Without legal help and no one to monitor detention conditions, migrants end up detained for months.

"Many of them have no contact with their families, as for this they need a telephone card and money to buy it. As a consequence, they stay lost and miserable," Tsouni explains.

Greek detention facilities are run exclusively by police authorities. They continue to make determinations over the continuing detention of asylum applicants.

"In some cases we noticed that police authorities are enforcing the detention measure, despite the previous ineffective detention," Aitima reports.

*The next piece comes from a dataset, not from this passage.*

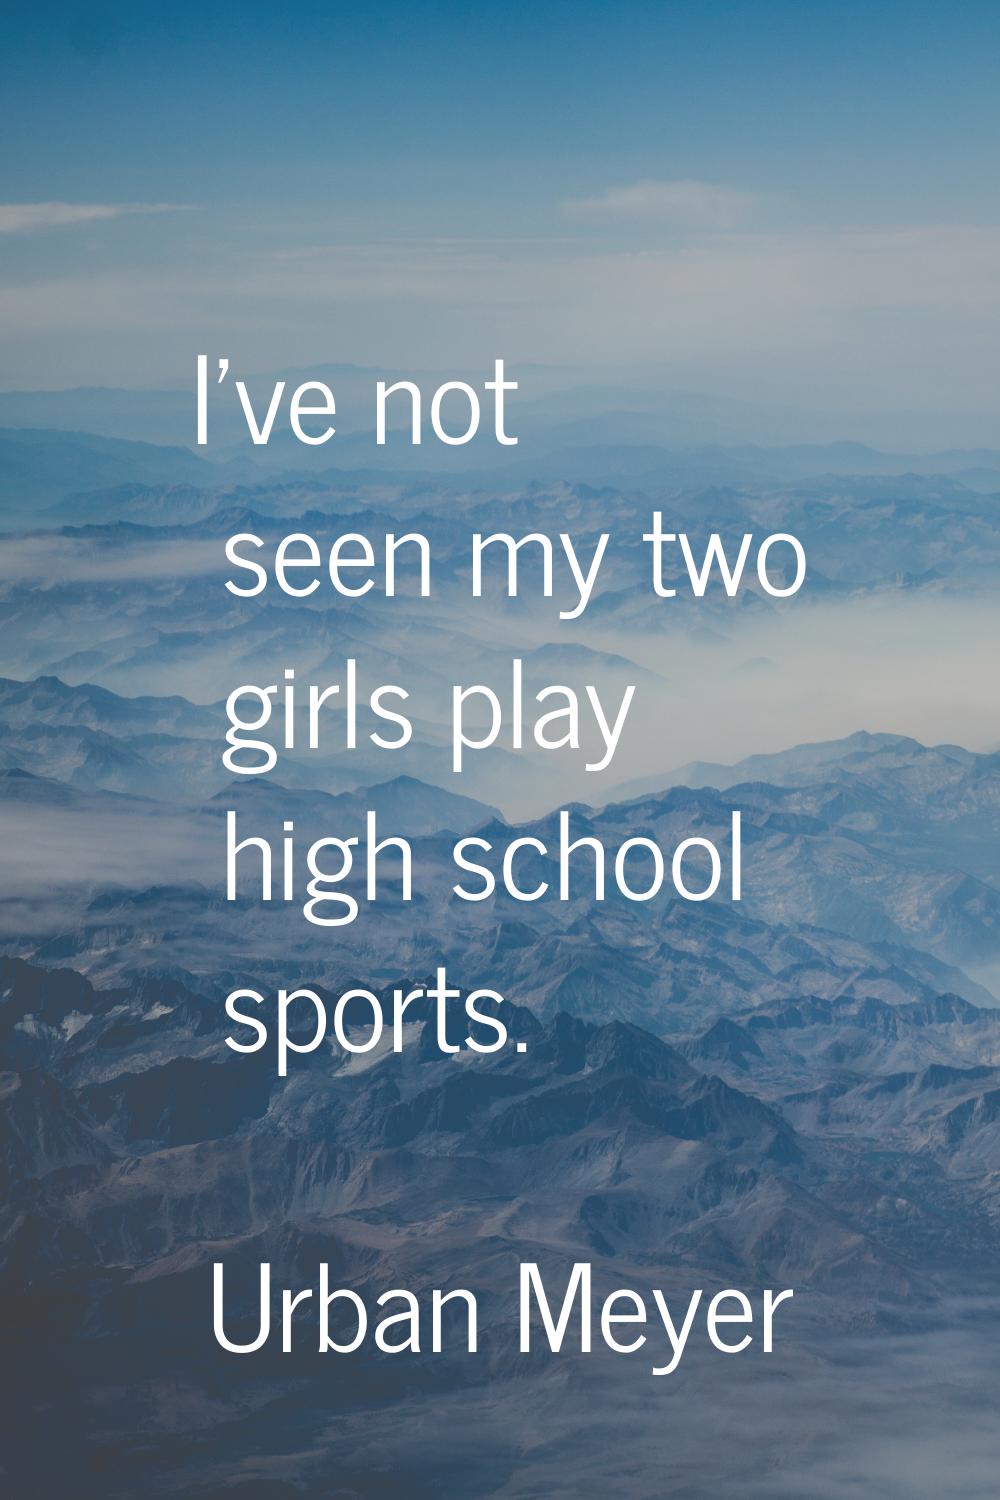 I've not seen my two girls play high school sports.

The inmates at Petrou Ralli have been let down by the left-wing government, say activists [Katja Lihtenvalner]



Syriza swallowing promises

It was just two years ago when the mainly left-wing Greek government took power and Minister for Public Order Yannis Pannousis assured: "Detention centres - we are finished with them!"

At the time, nearly 7,000 migrants were released from the detention facilities. Only a few hundred remained.

This stopped a year ago when the refugee influx swamped Greece and the northern border started to close down.

Suddenly, there were a large number of people on the mainland - both inside and outside the camps - who lacked legal documents. The authorities found themselves unprepared, and the system of detention, which left-wing Syriza sternly criticised while in opposition, became convenient once more.

Requests for comment on this investigation made to Greece's Ministry For Public Order, responsible for migrants, refugees and asylum seekers, went unanswered by time of publication.

"Migrants are still detained for an unpredictable period of time, despite government promises. If police authorities decide, for any reason, to keep a migrant detained, they charge them on public order grounds," said Kouniakis.

Detained arrivals in Greece are completely exposed to the whims of police authorities - and new detention facilities appear unlikely to bring any changes.

"Newly built closed-type pre-departure centres on the islands will have only one goal: to detain migrants before their deportation to Turkey or their country of origin," concludes Kouniakis. "This is of course, seriously troubling."